▸ SOURCE INFORMATION:
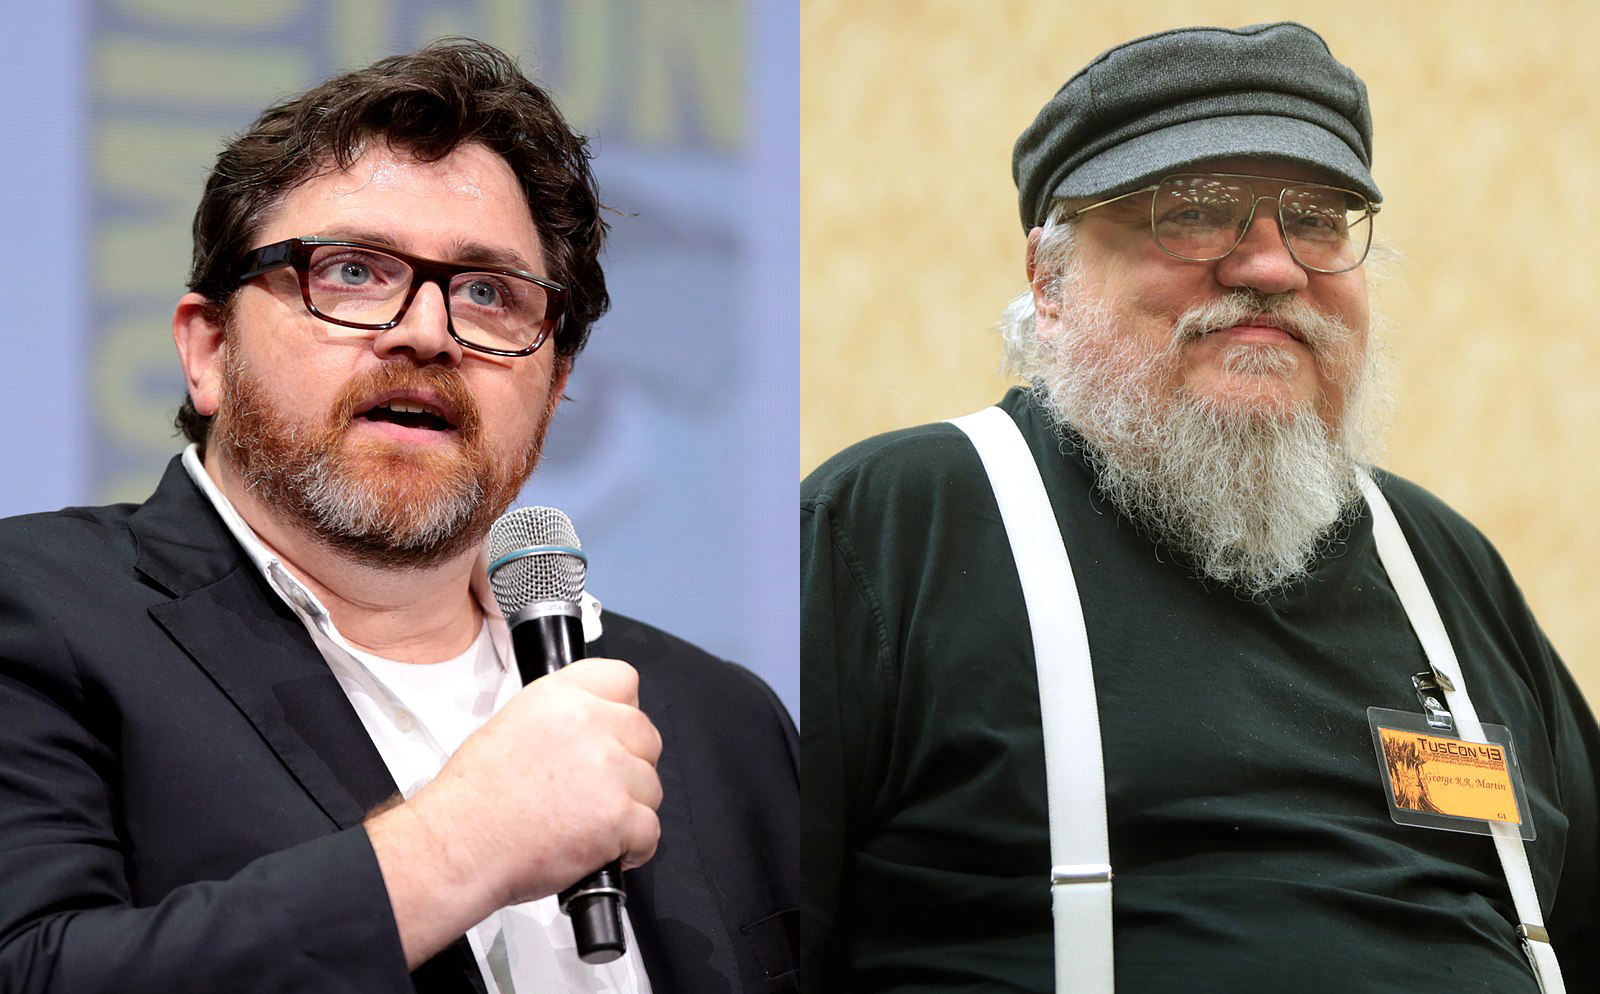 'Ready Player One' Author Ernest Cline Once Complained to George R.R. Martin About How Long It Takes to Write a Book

==

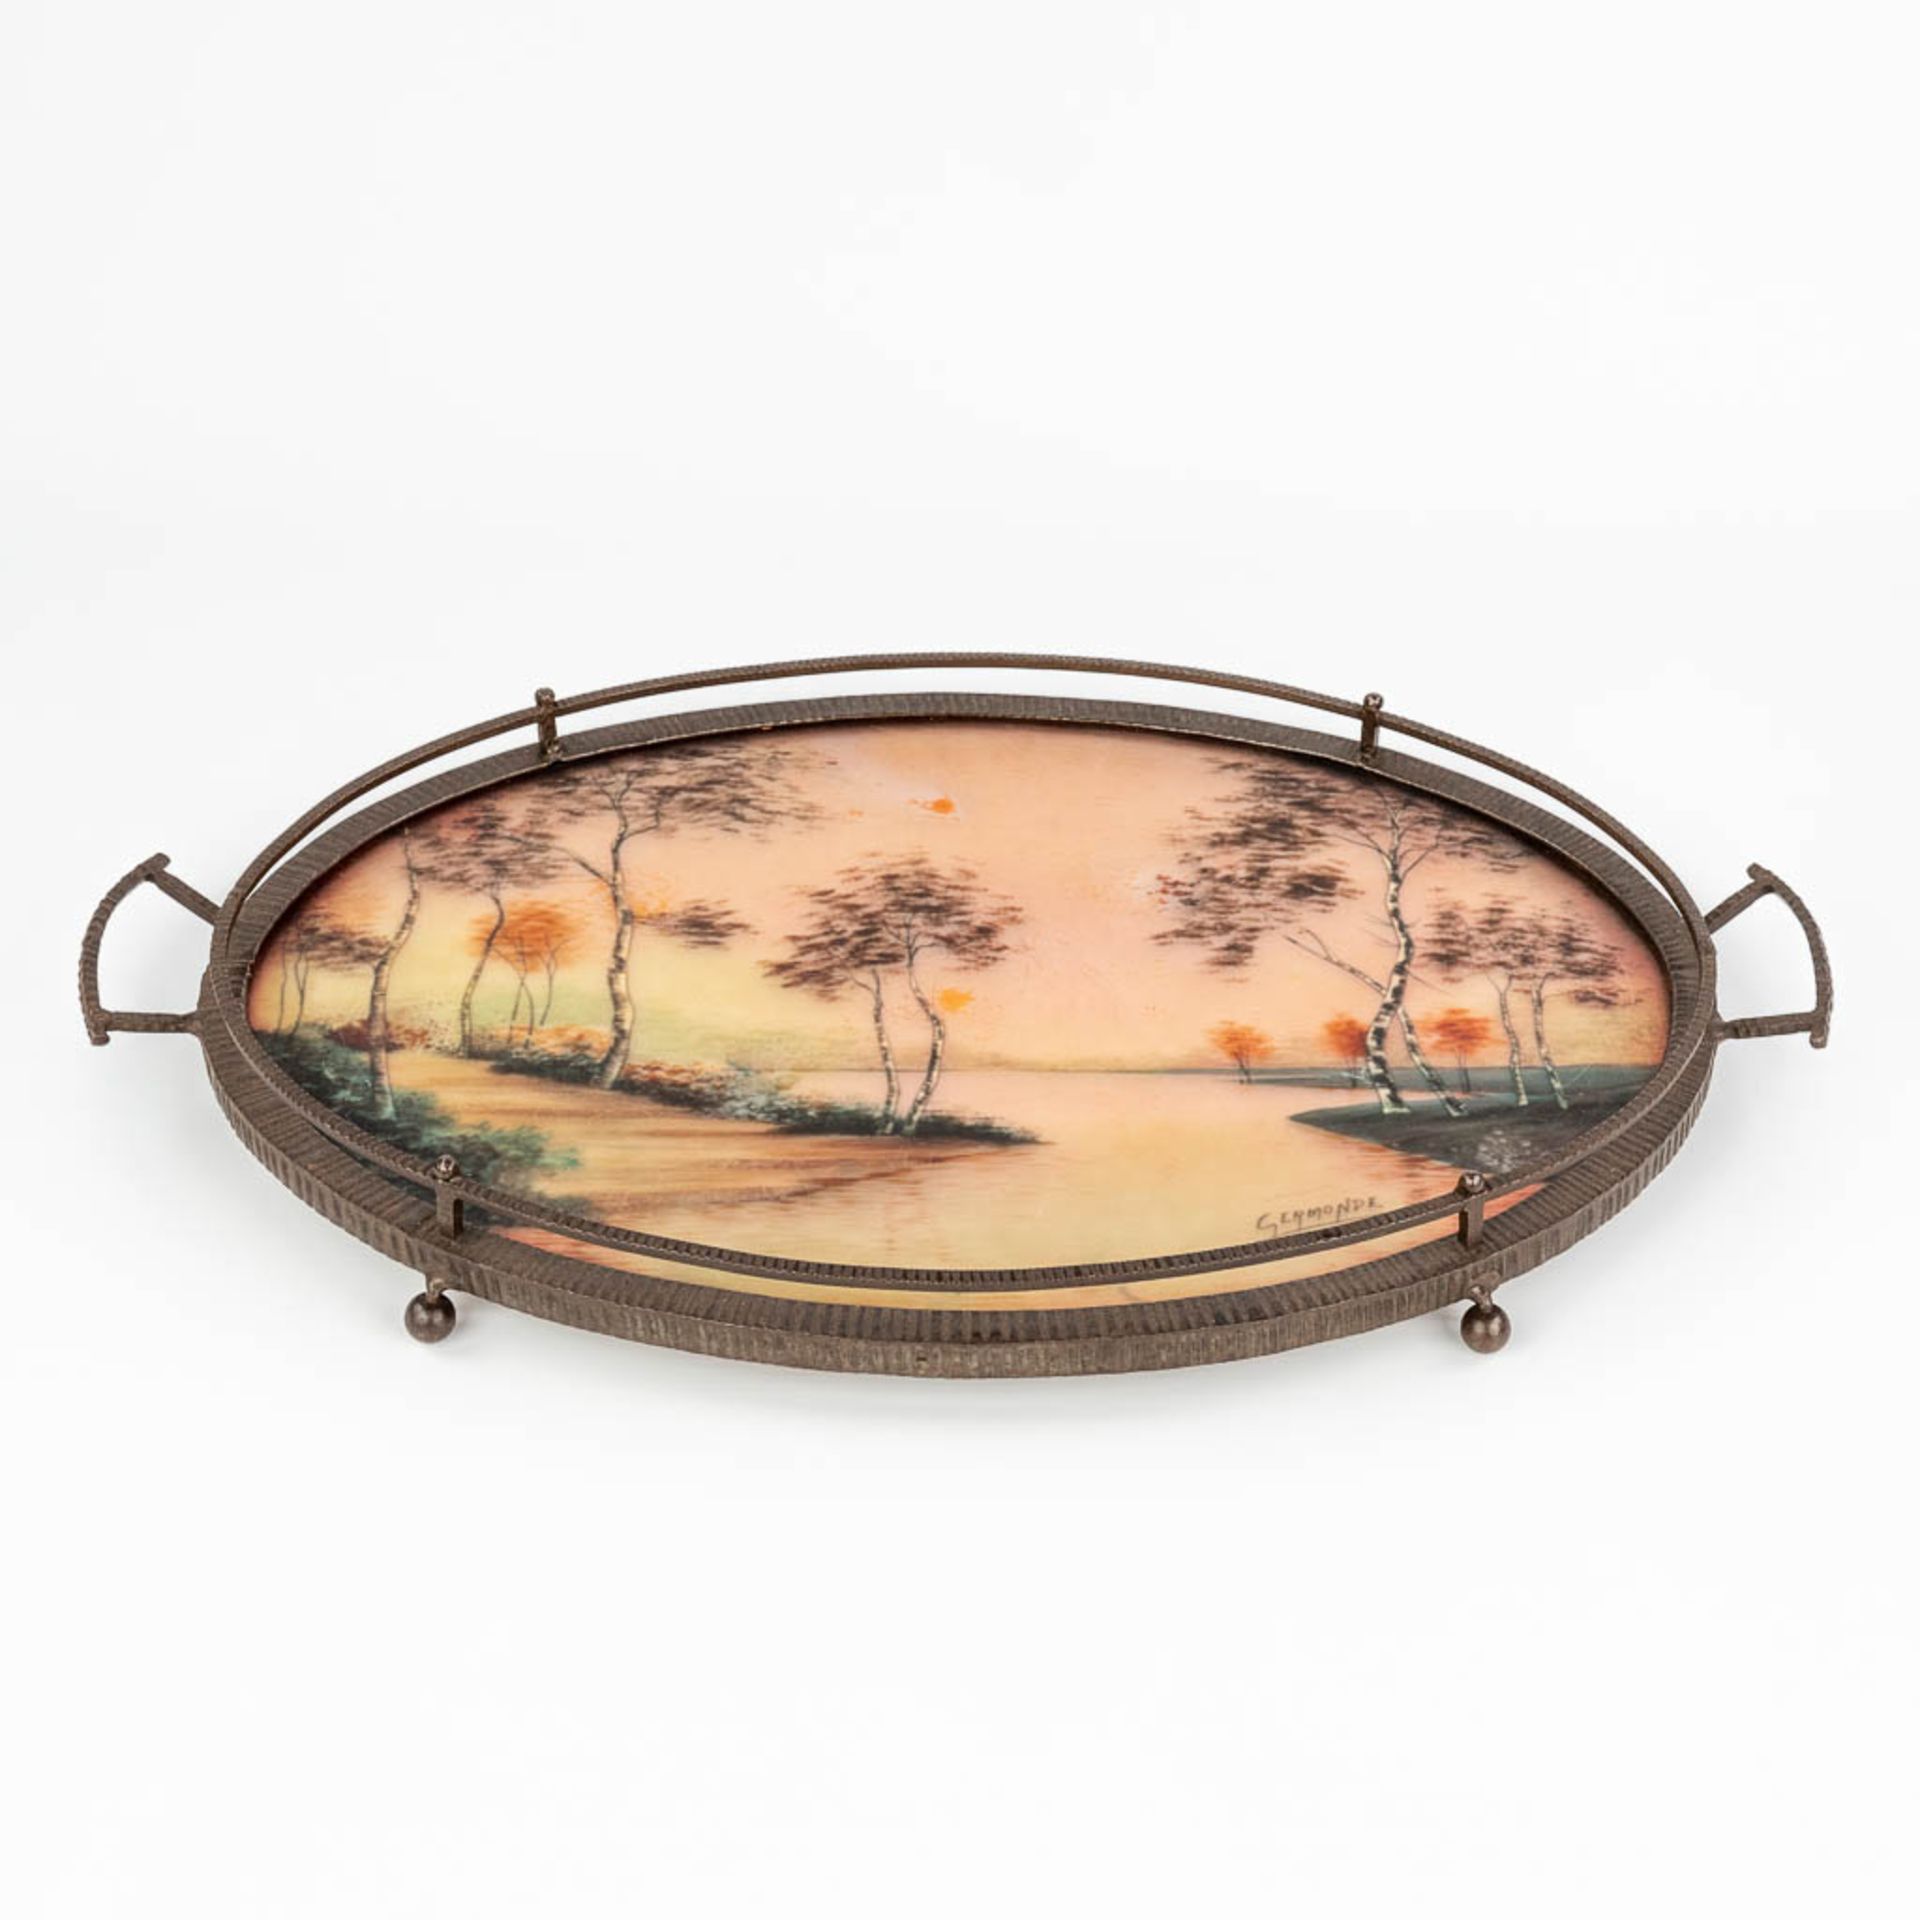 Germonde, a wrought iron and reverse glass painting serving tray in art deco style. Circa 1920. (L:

--

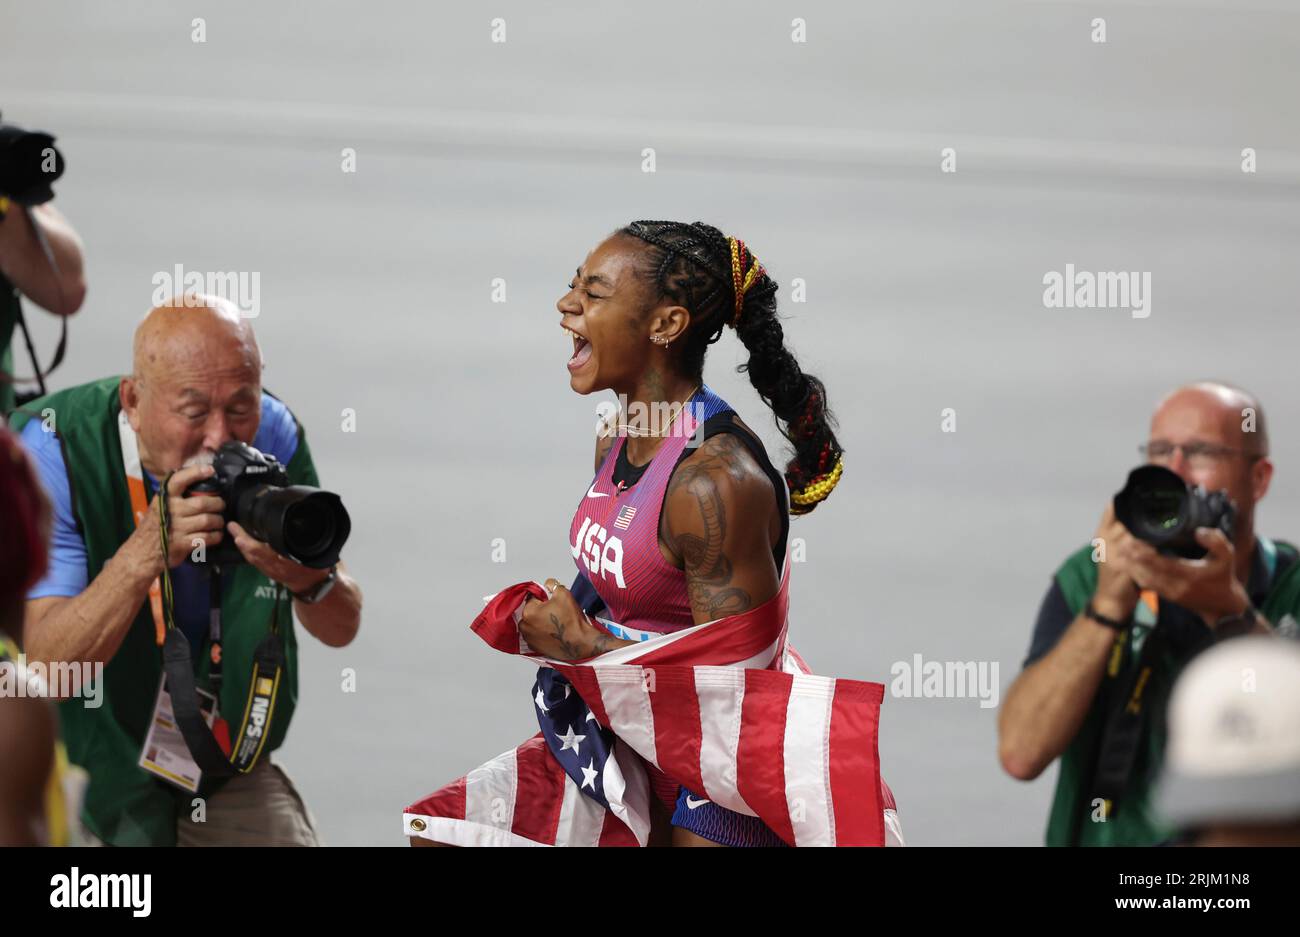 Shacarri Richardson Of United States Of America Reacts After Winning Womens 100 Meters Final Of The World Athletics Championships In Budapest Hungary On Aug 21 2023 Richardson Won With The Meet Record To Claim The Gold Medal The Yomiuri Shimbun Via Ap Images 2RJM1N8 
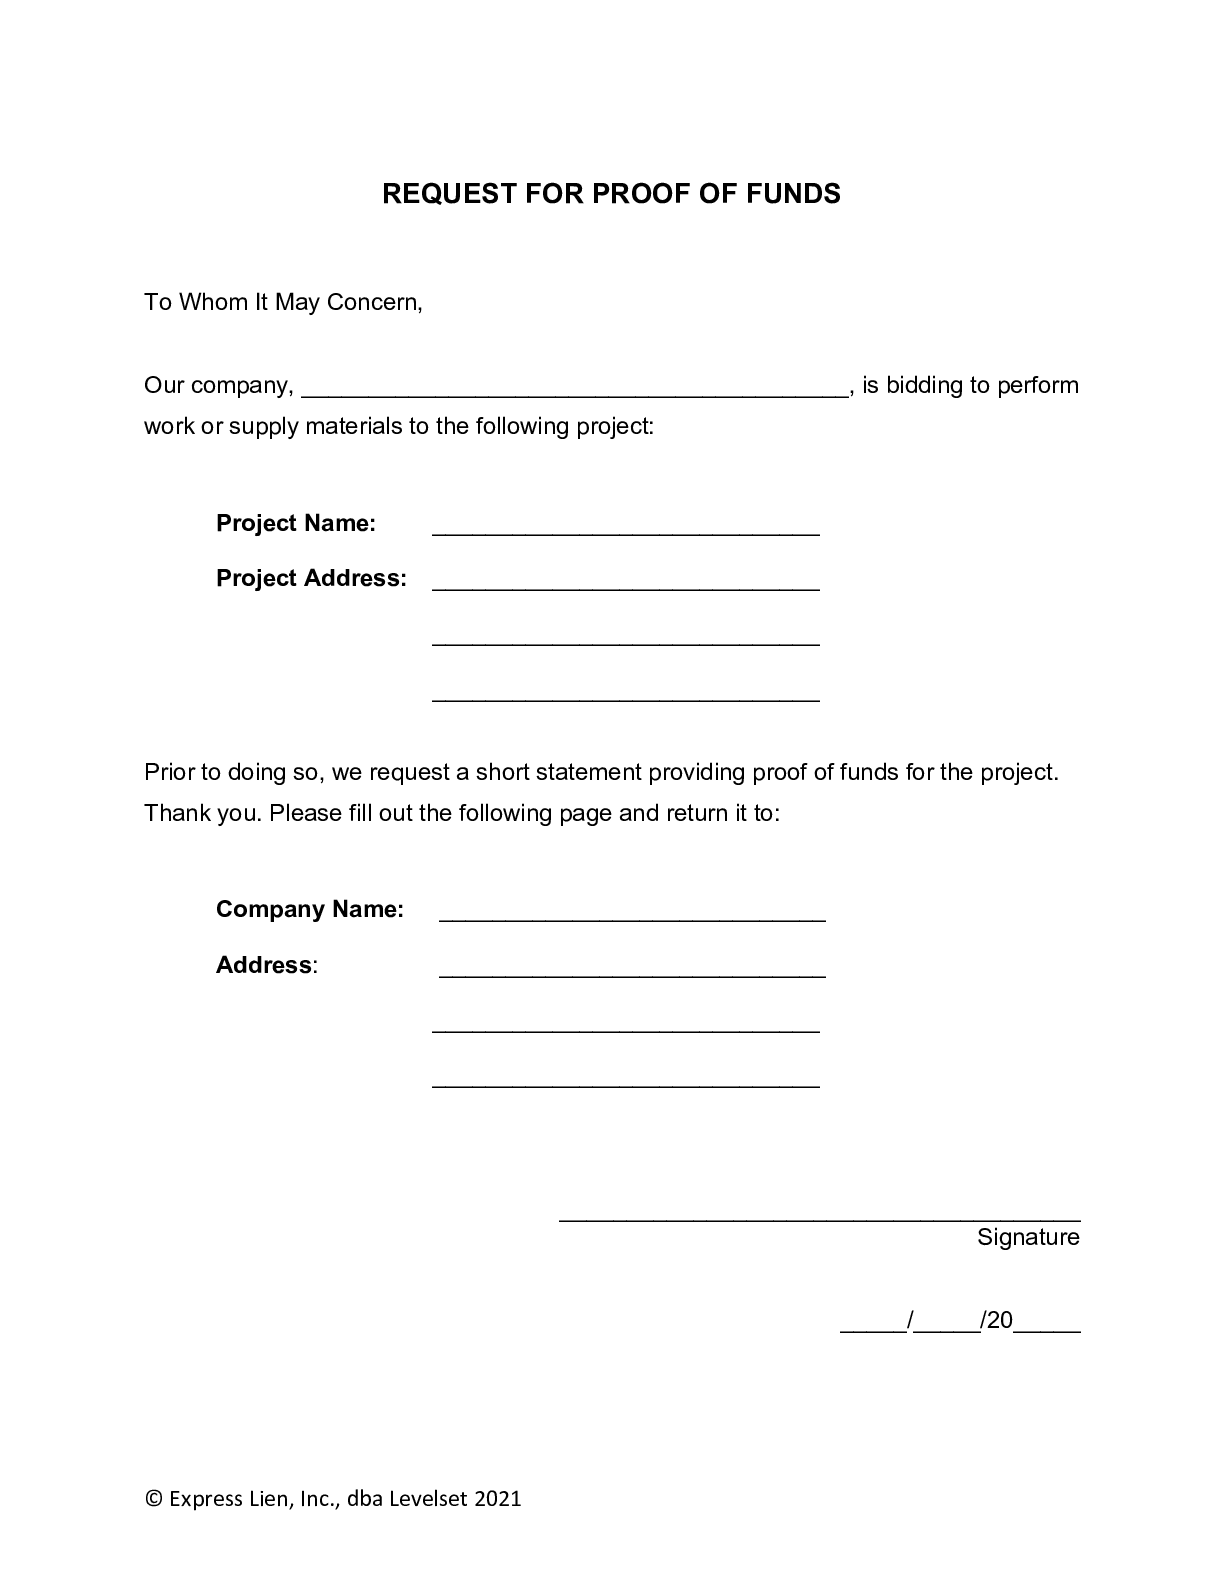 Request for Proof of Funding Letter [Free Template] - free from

▸ ABOUT THIS TASK: From the listing above, restate verbatim the lines running from the one with "Shacarri Richardson Of" through the one with "Request for Proof", inclusive, but not the pictures.

▸ WRITTEN ANSWER:
 Shacarri Richardson Of United States Of America Reacts After Winning Womens 100 Meters Final Of The World Athletics Championships In Budapest Hungary On Aug 21 2023 Richardson Won With The Meet Record To Claim The Gold Medal The Yomiuri Shimbun Via Ap Images 2RJM1N8 
 Request for Proof of Funding Letter [Free Template] - free from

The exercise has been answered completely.